I am trying to parallelize a code using class methods via multiprocessing. The basic structure is the following:

# from multiprocessing import Pool
from pathos.multiprocessing import ProcessingPool as Pool

class myclass(object):
    def __init__(self):
        #some code
    def mymethod(self):
        #more code
        return another_instance_of_myclass



def myfunc(myinstance,args):
    #some code   
    test=myinstance.mymethod()
    #more code
    return myresult #not an instance,just a number

p=Pool()

result = p.map(myfunc,listwithdata)

After this had failed with the normal multiprocessing, I became aware of the issues with Pickle and Multiprocessing, so I tried to solve it with multiprocessing.pathos. However, I am still getting

PicklingError: Can't pickle <type 'SwigPyObject'>: it's not found as__builtin__.SwigPyObjec

together with lots of errors from pickle.py.
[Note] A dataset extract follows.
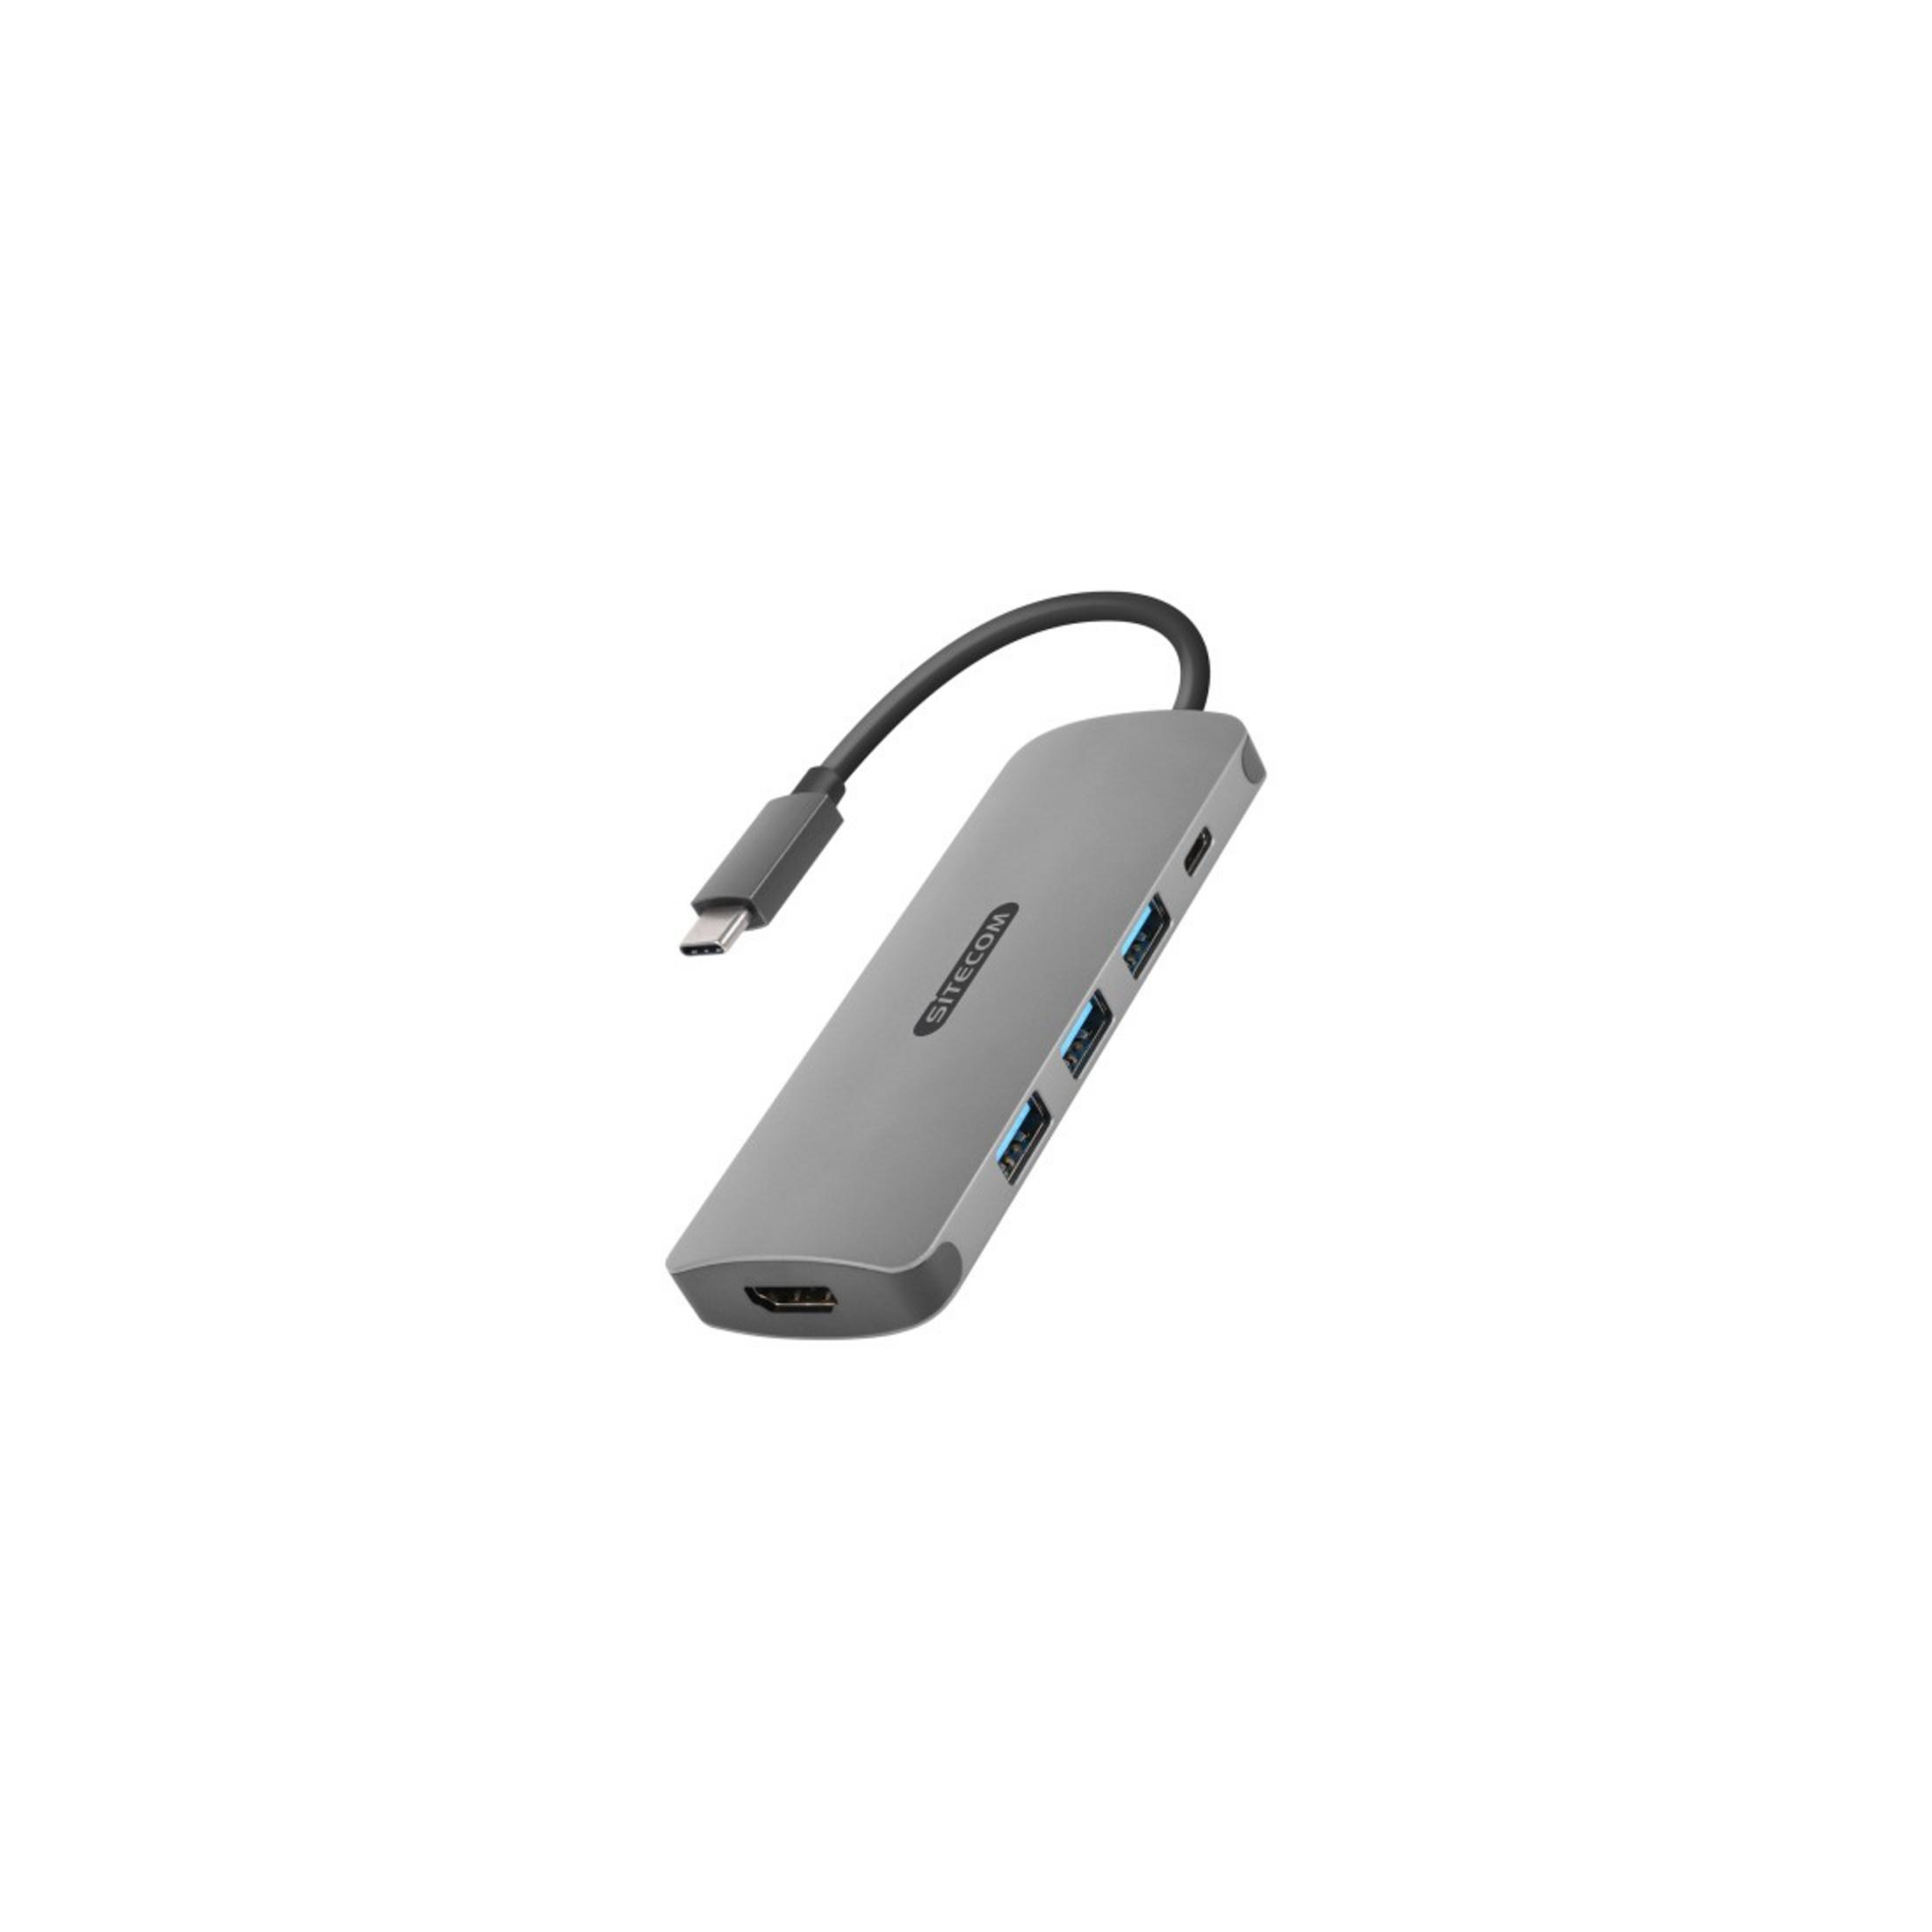 3.1 3XUSB3.0PD Silber CN-380 HDMI USB-C Adapter, TO USB SITECOM
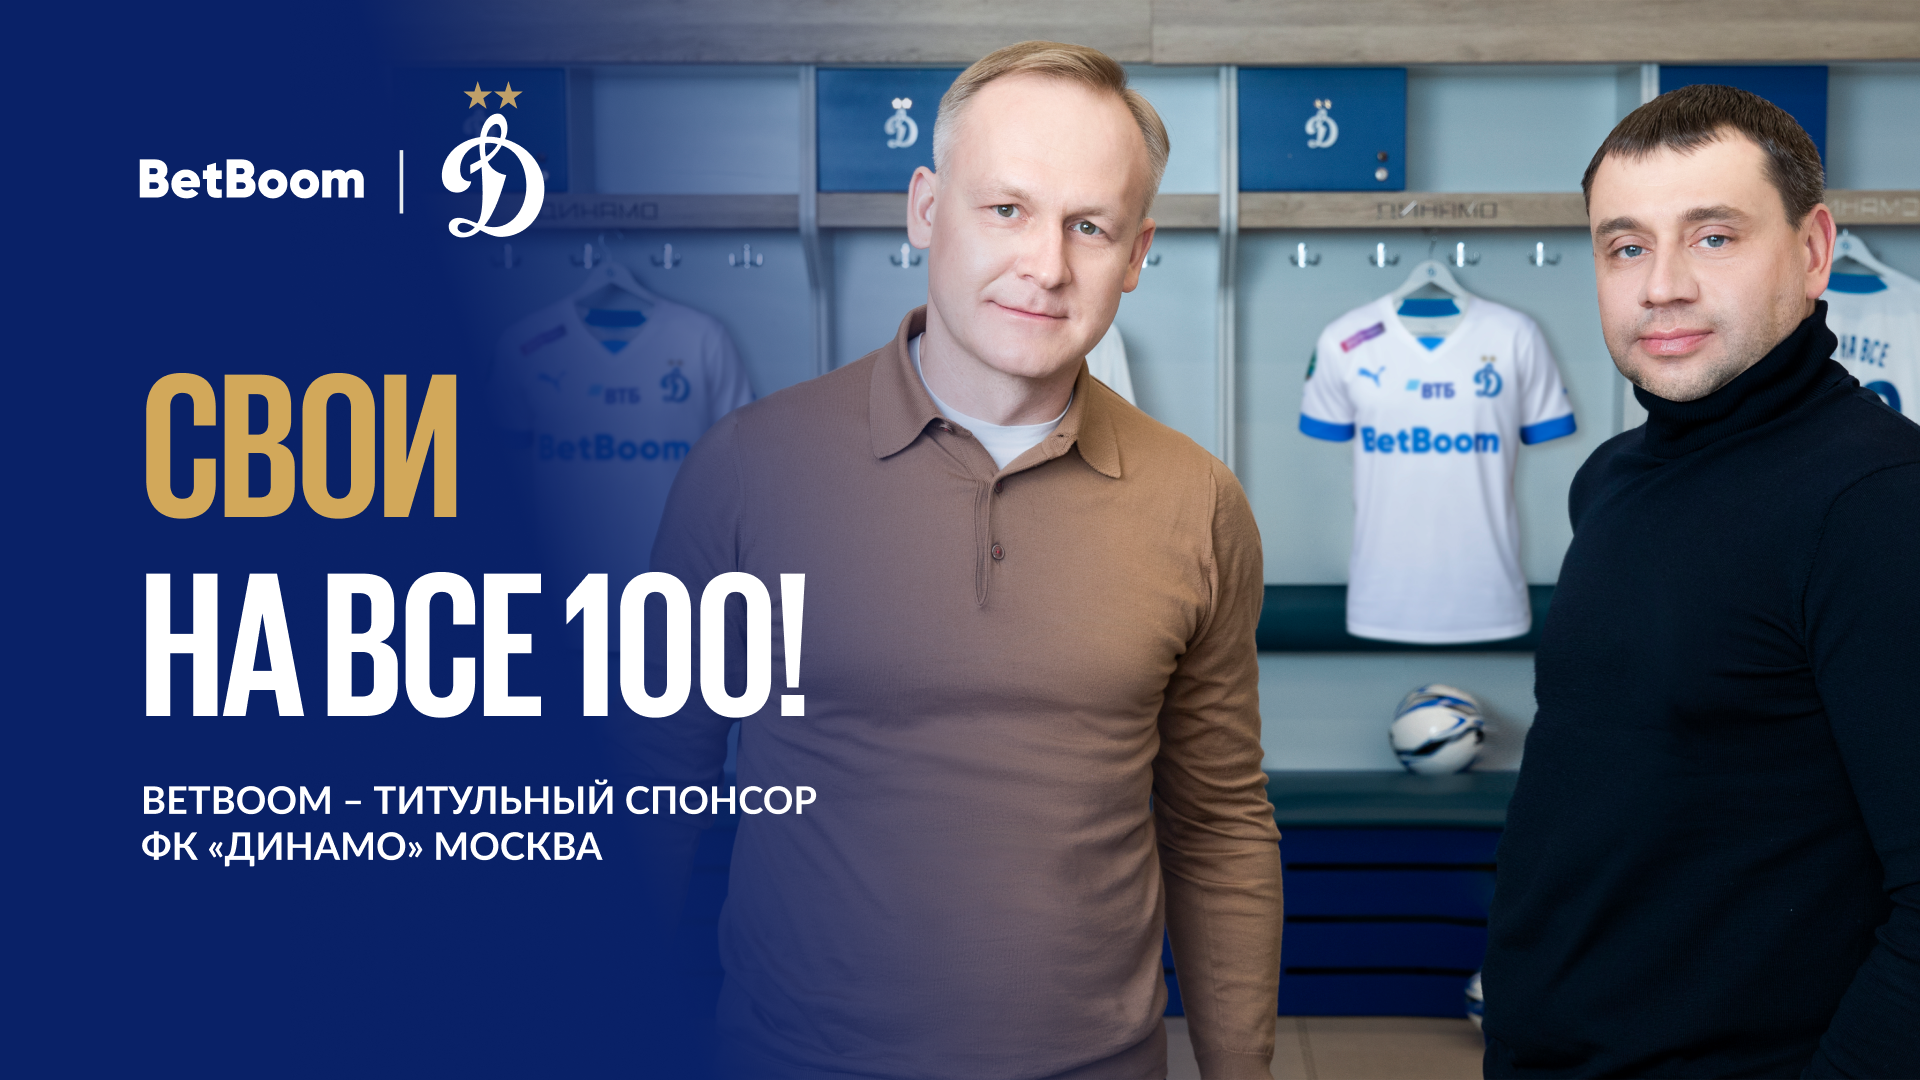 BetBoom стал титульным спонсором московского «Динамо». Это рекордный контракт для российского футбола

Apart from this practical problem, I don't quite understand why anything but the final result of myfunc is being pickled at all.

回答1:

pathos uses dill, and dill serializes classes differently than python's pickle module does. pickle serializes classes by reference. dill (by default) serializes classes directly, and only optionally by reference.

>>> import dill
>>> 
>>> class Foo(object):
...   def __init__(self, x):
...     self.x = x
...   def bar(self, y):
...     return self.x + y * z
...   z = 1
... 
>>> f = Foo(2)
>>> 
>>> dill.dumps(f)  # the dill default, explicitly serialize a class
'\x80\x02cdill.dill\n_create_type\nq\x00(cdill.dill\n_load_type\nq\x01U\x08TypeTypeq\x02\x85q\x03Rq\x04U\x03Fooq\x05h\x01U\nObjectTypeq\x06\x85q\x07Rq\x08\x85q\t}q\n(U\r__slotnames__q\x0b]q\x0cU\n__module__q\rU\x08__main__q\x0eU\x03barq\x0fcdill.dill\n_create_function\nq\x10(cdill.dill\n_unmarshal\nq\x11Uyc\x02\x00\x00\x00\x02\x00\x00\x00\x03\x00\x00\x00C\x00\x00\x00s\x0f\x00\x00\x00|\x00\x00j\x00\x00|\x01\x00t\x01\x00\x14\x17S(\x01\x00\x00\x00N(\x02\x00\x00\x00t\x01\x00\x00\x00xt\x01\x00\x00\x00z(\x02\x00\x00\x00t\x04\x00\x00\x00selft\x01\x00\x00\x00y(\x00\x00\x00\x00(\x00\x00\x00\x00s\x07\x00\x00\x00<stdin>t\x03\x00\x00\x00bar\x04\x00\x00\x00s\x02\x00\x00\x00\x00\x01q\x12\x85q\x13Rq\x14c__builtin__\n__main__\nh\x0fNN}q\x15tq\x16Rq\x17U\x01zq\x18K\x01U\x07__doc__q\x19NU\x08__init__q\x1ah\x10(h\x11Uuc\x02\x00\x00\x00\x02\x00\x00\x00\x02\x00\x00\x00C\x00\x00\x00s\r\x00\x00\x00|\x01\x00|\x00\x00_\x00\x00d\x00\x00S(\x01\x00\x00\x00N(\x01\x00\x00\x00t\x01\x00\x00\x00x(\x02\x00\x00\x00t\x04\x00\x00\x00selfR\x00\x00\x00\x00(\x00\x00\x00\x00(\x00\x00\x00\x00s\x07\x00\x00\x00<stdin>t\x08\x00\x00\x00__init__\x02\x00\x00\x00s\x02\x00\x00\x00\x00\x01q\x1b\x85q\x1cRq\x1dc__builtin__\n__main__\nh\x1aNN}q\x1etq\x1fRq utq!Rq")\x81q#}q$U\x01xq%K\x02sb.'
>>> dill.dumps(f, byref=True)  # the pickle default, serialize by reference
'\x80\x02c__main__\nFoo\nq\x00)\x81q\x01}q\x02U\x01xq\x03K\x02sb.'

Not serializing by reference is much more flexible. However, in rare circumstances, working with references is better (as it appears to be the case when pickling something built on a SwigPyObject).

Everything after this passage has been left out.